Mujahid al-Anisi, the head of the emergency unit at al-Jumhori Hospital
Further straining relations, Saudi Arabia had declined to join Western sanctions on Russia after its invasion of Ukraine. And Saudi Arabia’s decision to decrease oil production seemed to support Russia’s economy, which relies on oil and gas exports.
In recent months, Biden and his aides have been talking to Saudi officials about their country establishing diplomatic relations with Israel, which would be a major geopolitical coup. In those discussions, the Saudis have asked the United States for security guarantees, more lethal weapons and help with a nuclear energy program. Biden might speak with Crown Prince Mohammed bin Salman, the de facto leader of Saudi Arabia, on the sidelines of a leadership summit of the G20 summit next month in New Delhi.

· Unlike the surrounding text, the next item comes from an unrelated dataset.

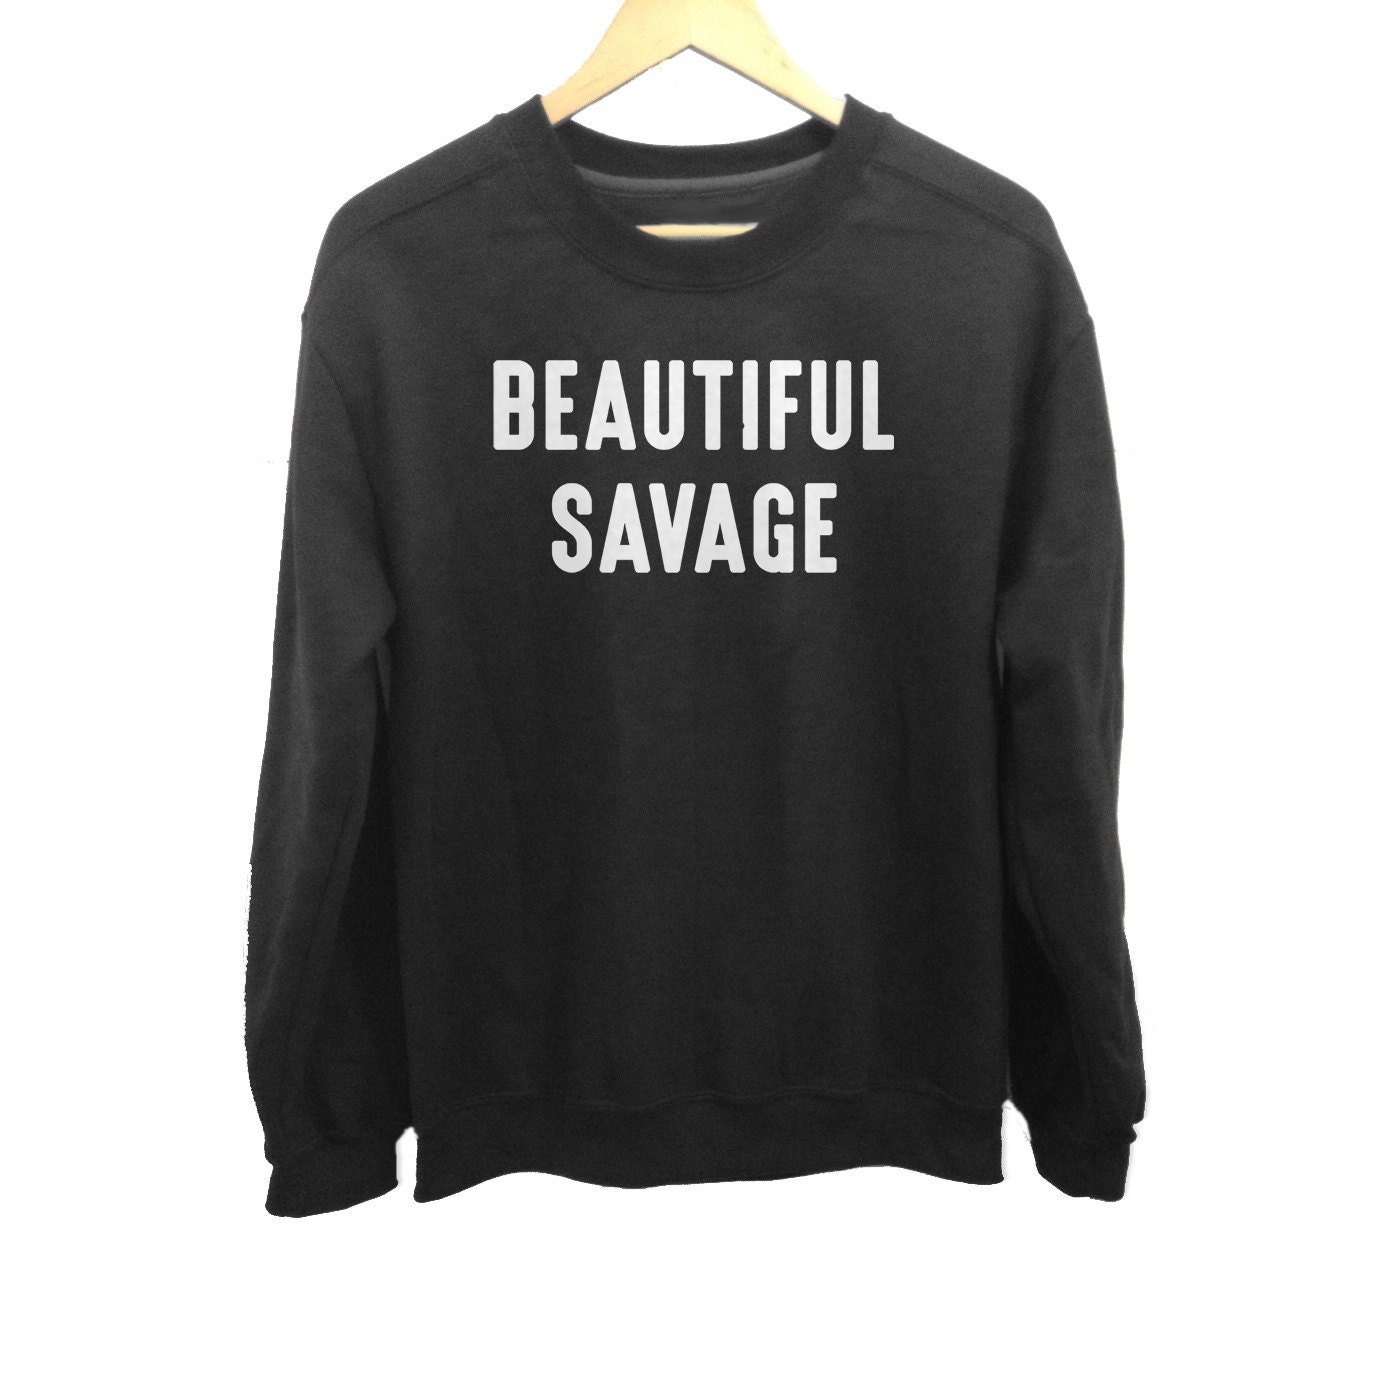 Beautiful Savage Sweatshirt Tumblr Aesthetic Fashion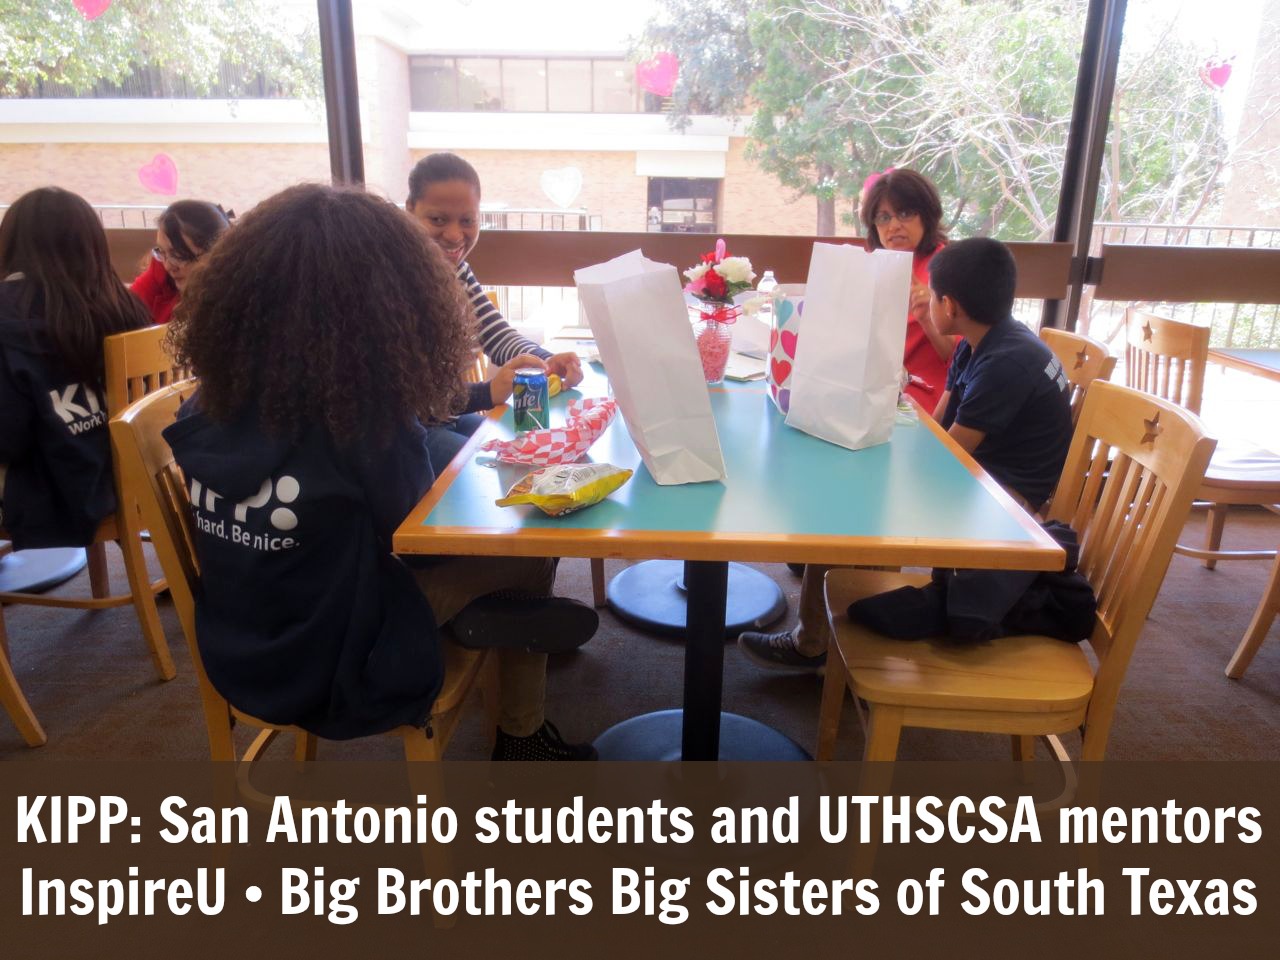 KIPP: San Antonio Students and UTHSCSA mentors meet through InspireU mentorship program at Big Brothers Big Sisters of South Texas | San Antonio Charter Moms

Some members of Congress, mostly Democrats, have strongly criticised Saudi Arabia for its human rights record, including its long war in Yemen. Those lawmakers will almost certainly raise further doubts about selling more arms to Saudi Arabia or working with it on a civilian nuclear program, which some US officials fear could be cover for a nuclear weapons program.
Among those briefed on the killing last December by UN officials was Steven Fagin, the US ambassador to Yemen, according to a person who was present. About that time, the UN also shared information with others at the State Department and with diplomats from France, Germany, Holland, Sweden and the European Union, this person said.
Inside Yemen, the border killings are anything but secret. Some attacks are reported on Yemeni television, and many of those wounded end up in Yemeni hospitals.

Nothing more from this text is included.